Here's the short version: To pay for Enrichment's uranium fuel, BPA sold $711 million of bonds at about 5 percent interest. BPA says the fuel will end up saving customers $171 million, which would be a tremendous bargain. To arrive at that "bargain" price, McCullough says BPA assumed it would earn a 12 percent return on the money it borrowed at 5 percent. It then projected how much money it would have accrued by 2028. Then it calculated backward how much cash was needed, if invested at 12 percent - rather than paying out 5 percent - to have that sum in 2028. That part alone explained away a quarter-billion of the actual expense.

Of course no matter what, Energy Northwest must pay 5 percent on what it borrowed to benefit TVA.

Christopher E. Paine, a nuclear specialist at the National Resources Defense Council, an environmental group, isn't impressed by that bookkeeping magic. "This was not a business deal," he says. "It was exactly like the old Soviet deals in the days of Soviet central planning."

And pumping money from the Pacific Northwest to Kentucky and pumping huge amounts of carbon dioxide into the atmosphere by burning 20 times more coal than necessary to make uranium fuel was not the only damage done by the McConnell and Paul arrangement.

McCullough dug up EPA records showing that the Enrichment plant in Paducah used vast amounts of CFC-114, known as Freon when it was used in air conditioning and refrigeration systems.
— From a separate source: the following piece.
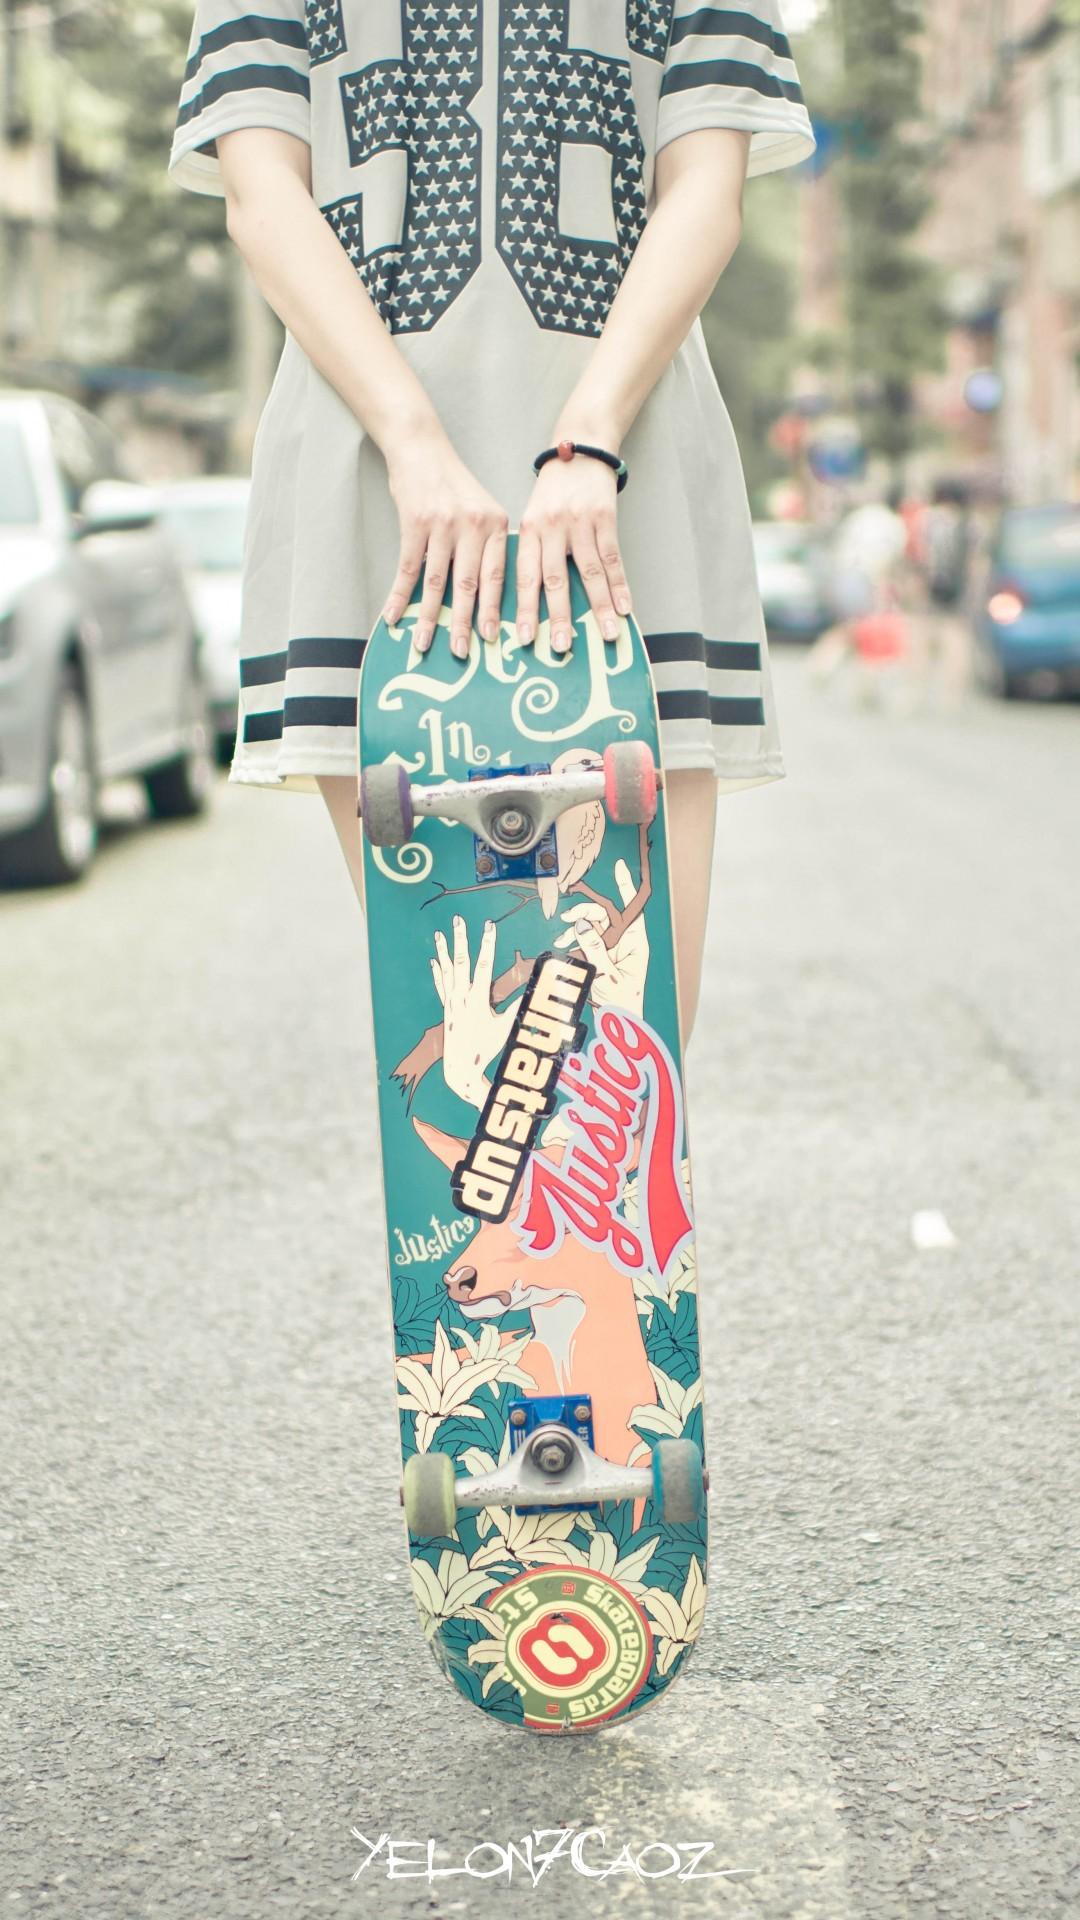 Skateboard Girl Wallpaper – Free iPhone Wallpapers

Freon was banned from aerosol cans in 1978 and nearly all other uses in 2000 because it eats the ozone layer.

1.17_FE0303_Nuke3 The spillways of the Bonneville dam on April 23, 2001 on the Columbia River near Portland, Oregon. Tim Matsui/Liaison/Getty

Enrichment won an exemption from those bans on national security grounds, proving once again that it's either very lucky, or has a very powerful benefactor or two.

So when you're tallying up all the costs from the McConnell-Paul deal, add this in: It was responsible for hundreds of thousands of pounds of Freon evaporating into the air - 68.7 percent of all the Freon released in America in 2012.

When asked about all this, McConnell and Paul say, in essence, "Who? Me?"

McConnell's office told Newsweek he played no role in those contract negotiations, and was unaware that the deal drained money from the Pacific Northwest to Kentucky. It added that McConnell "has long been a vigorous supporter of the employees at the Paducah Gaseous Diffusion Plant."

Paul's office said he only met with the Energy Department officials "to encourage them to find a solution that recognized Paducah's 40 year commitment to nuclear energy and fuel, and to try to preserve jobs in Kentucky" and he helped the steelworkers because he "considers it his obligation to support all voices in Kentucky, whether they are Republicans or Democrats, business or labor."

And by that measure, both men did an excellent job.